# Cattleya lueddemaniana coerulea flamea ‘Lukamee’



## DrLeslieEe (Jan 13, 2022)

First bloom of a division plant from the collection of Orquidário Americana in Brazil. Just lovely I think! 







I named it on a play of words. Can anybody guess what it says?


----------



## Greenpaph (Jan 13, 2022)

Love the coloration! And the lip


----------



## Ozpaph (Jan 13, 2022)

look-at-me.
its impressive


----------



## abax (Jan 13, 2022)

Very niiiice Leslie. The colors are so harmonious and a good dorsal as well.


----------



## dodidoki (Jan 14, 2022)

God, I love it!!!❤❤❤❤


----------



## monocotman (Jan 14, 2022)

Very beautiful! That lip is so intense!


----------



## terryros (Jan 14, 2022)

Leslie, I am going to do a post soon on another Cattleya primary hybrid using a coerulea lueddemanniana with a coerulea of another species (I don't want to give it all away) but the resulting progeny was not coerulea but a light magenta. What do you know about the coerulea gene in lueddemanniana compared to other species? I am picturing these Cattleya coerulea genes as multiple and recessive. I am wondering how many true coerulea Cattleya primary hybrids there can even be. Maybe there are mutant coerulea genes that became dominant and can be transmitted? Yours is such an intense color unless you have really messed with the lighting and the photo!


----------



## monocotman (Jan 14, 2022)

Terry, 
the issue of crossing two coerulea forms of different species and producing either 0 or 100% coerulea F1’s is well understood genetically.
It all depends on whether the two clones have a mutation in exactly the same gene or not. If they do, then 100% coeruleas are possible. If not, then 100% tipo forms can be expected.
This is because a mutation that causes coeruleas can happen in more than one gene.


----------



## DrLeslieEe (Jan 14, 2022)

Coerulea genes are recessive, usually located in different regions on different species that may overlap. As Terry mentioned, if there is no overlap then the tipo flowers occur as there are no genetic complementation. 
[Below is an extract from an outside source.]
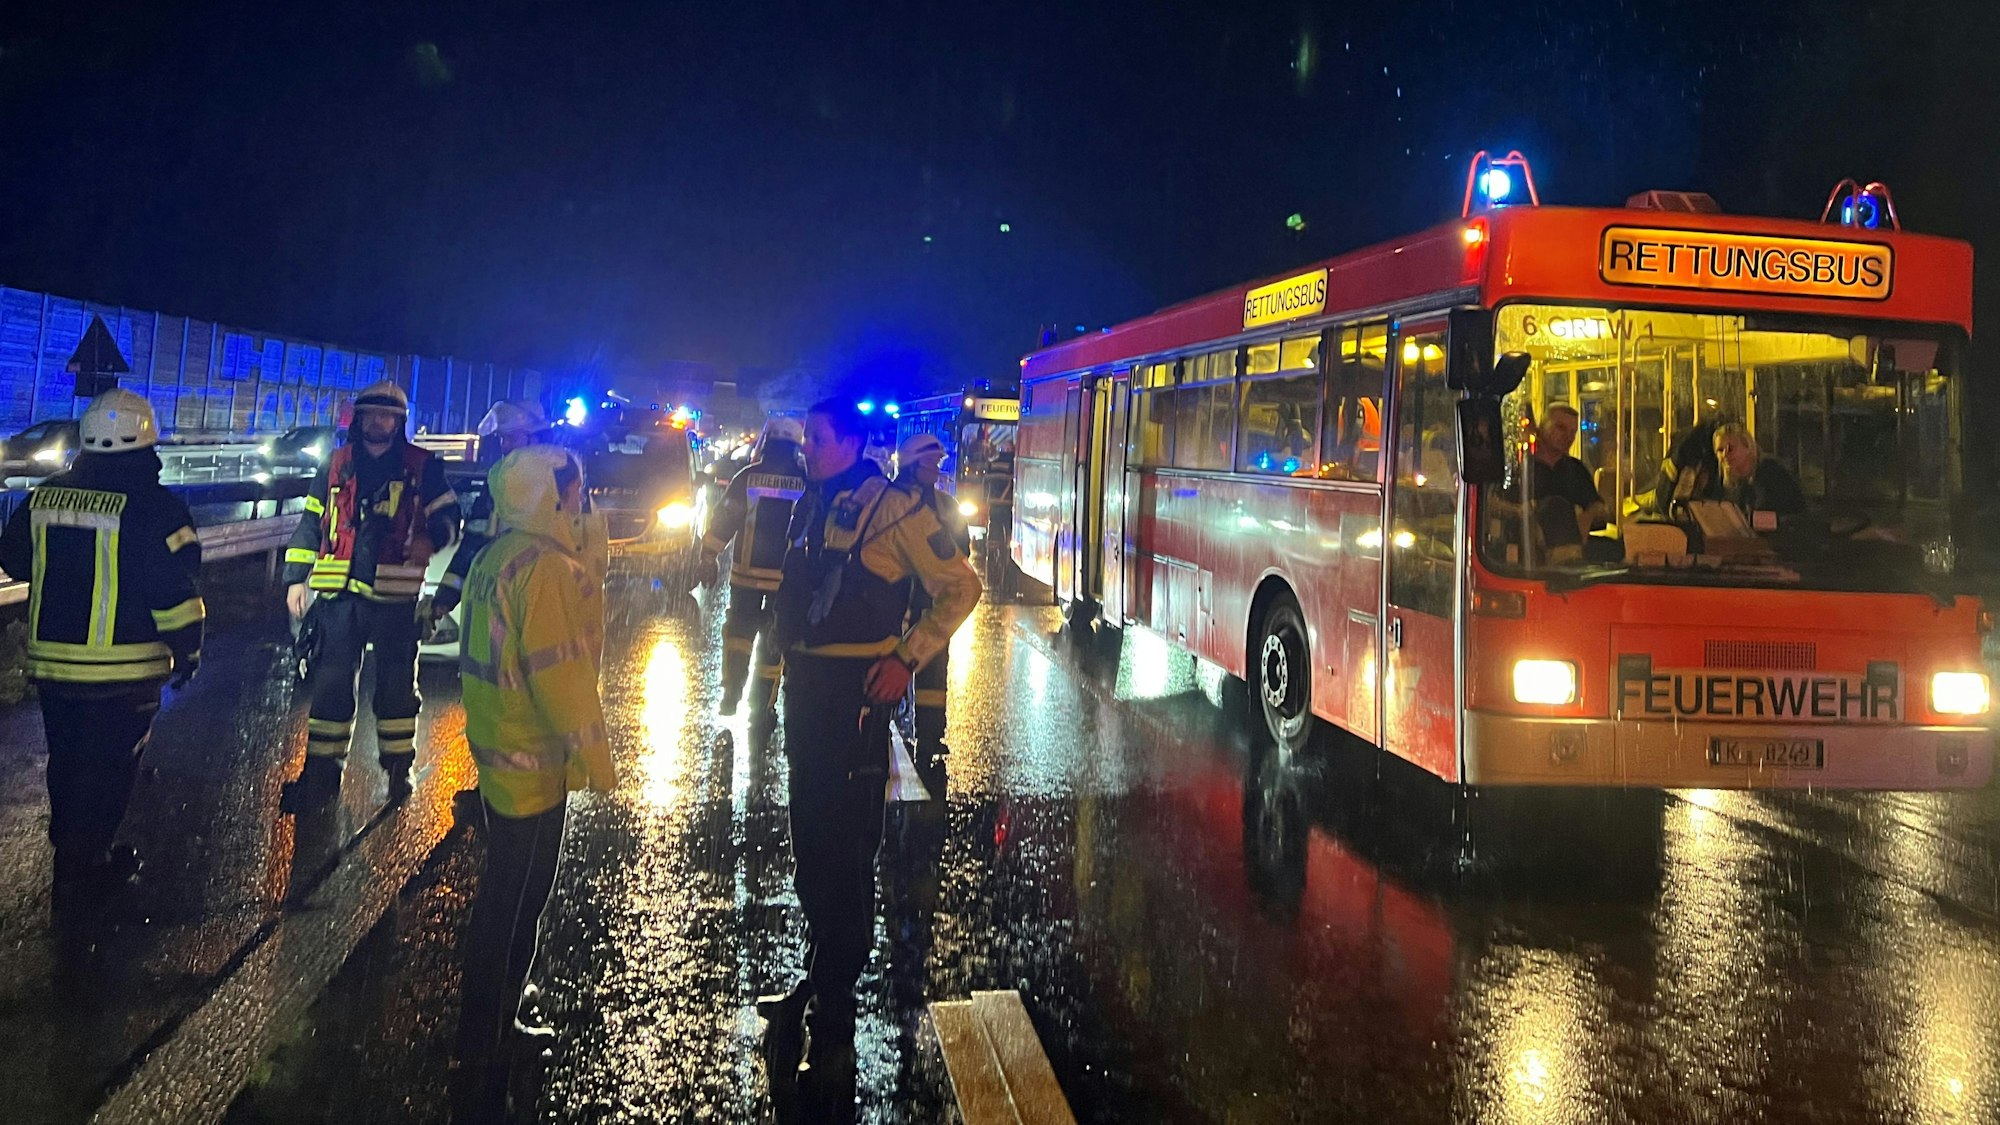 Das Bild zeigt einen Rettungsbus der Feuerwehr und mehrere Einsatzkräfte der Feuerwehr und Polizei bei strömenden Regen.

There is also the possibility of ‘dilute’ heterozygous genes like in albas where the coerulea gene is linked with a red gene but expressed as intermediate in color (as in this case).


----------



## terryros (Jan 14, 2022)

Do we know any Cattleya species where the coerulea genes in the same locus so that the primary hybrid would reliably be coerulea? Or, are there just two many different coerulea mutations so it is always a shake of the dice.

The corollary question for Leslie would be whether he knows of any breeding history with his plant? Does it ever pass on the strong coerulea?


----------



## monocotman (Jan 15, 2022)

I think that the primary hybrid canhamiana is reliably coerulea when mossiae coerulea and purpurata werkhauseri are used. 
Its also possible that there are different forms of coerulea within the same species caused by mutations in different genes, so to make this decision you’d need to know the actual cultivars used in the cross.


----------



## southernbelle (Jan 16, 2022)

Absolutely gorgeous!! And I’m loving the discussion about the genetics, even though I understand about every 5th word . 
As an aside, I just became familiar with these types of genetic things in dog breeding having just acquired a genetically clean (from the 20 or so recessive gene problems that can affect poodles and golden retrievers), multi-Gen petite (under 14” and 25 lbs as an adult) Goldendoodle puppy. 
Having had a Bichon Frise from the top breeder in France 15 years ago before these things were tested in dogs, I learned that patellar subluxation is passed down through a recessive gene. We paid for a dog from him (he had numerous champions of France, Belgium and Vice-Champion of the world), so we wouldn’t have the vet bills associated with patellas, hips, etc. and he guaranteed 10-12 lb adult size. Our dog was wonderful at 11 lbs, exceedingly smart, had a coat to die for and at age 2.5 started to develop patella problems in both knees. My vet explained that if the breeder had never bred our Curly’s particular parents (which he hadn’t), he had no way of knowing they both carried a recessive gene. So, two knee surgeries over the next 3 years assured us our dog would not be crippled for life. This time, at least I know that won’t happen again. And I know enough now about these things to be dangerous.


----------



## My Green Pets (Jan 16, 2022)

Gorgeous bloom Leslie!


----------



## terryros (Jan 16, 2022)

Leslie, I looked at the 33 awarded coerulea lueddemanniana that are posted in Orchid Pro and only the most recent AM 'Frank Smith' (Jan. 31, 2021) has coloration even approaching yours. That flower had an 18 cm horizontal natural spread. How wide is yours? Has yours been used in breeding?


----------



## DrLeslieEe (Jan 22, 2022)

The NS for this flower is 15.5 cm. Might get larger as it establishes. 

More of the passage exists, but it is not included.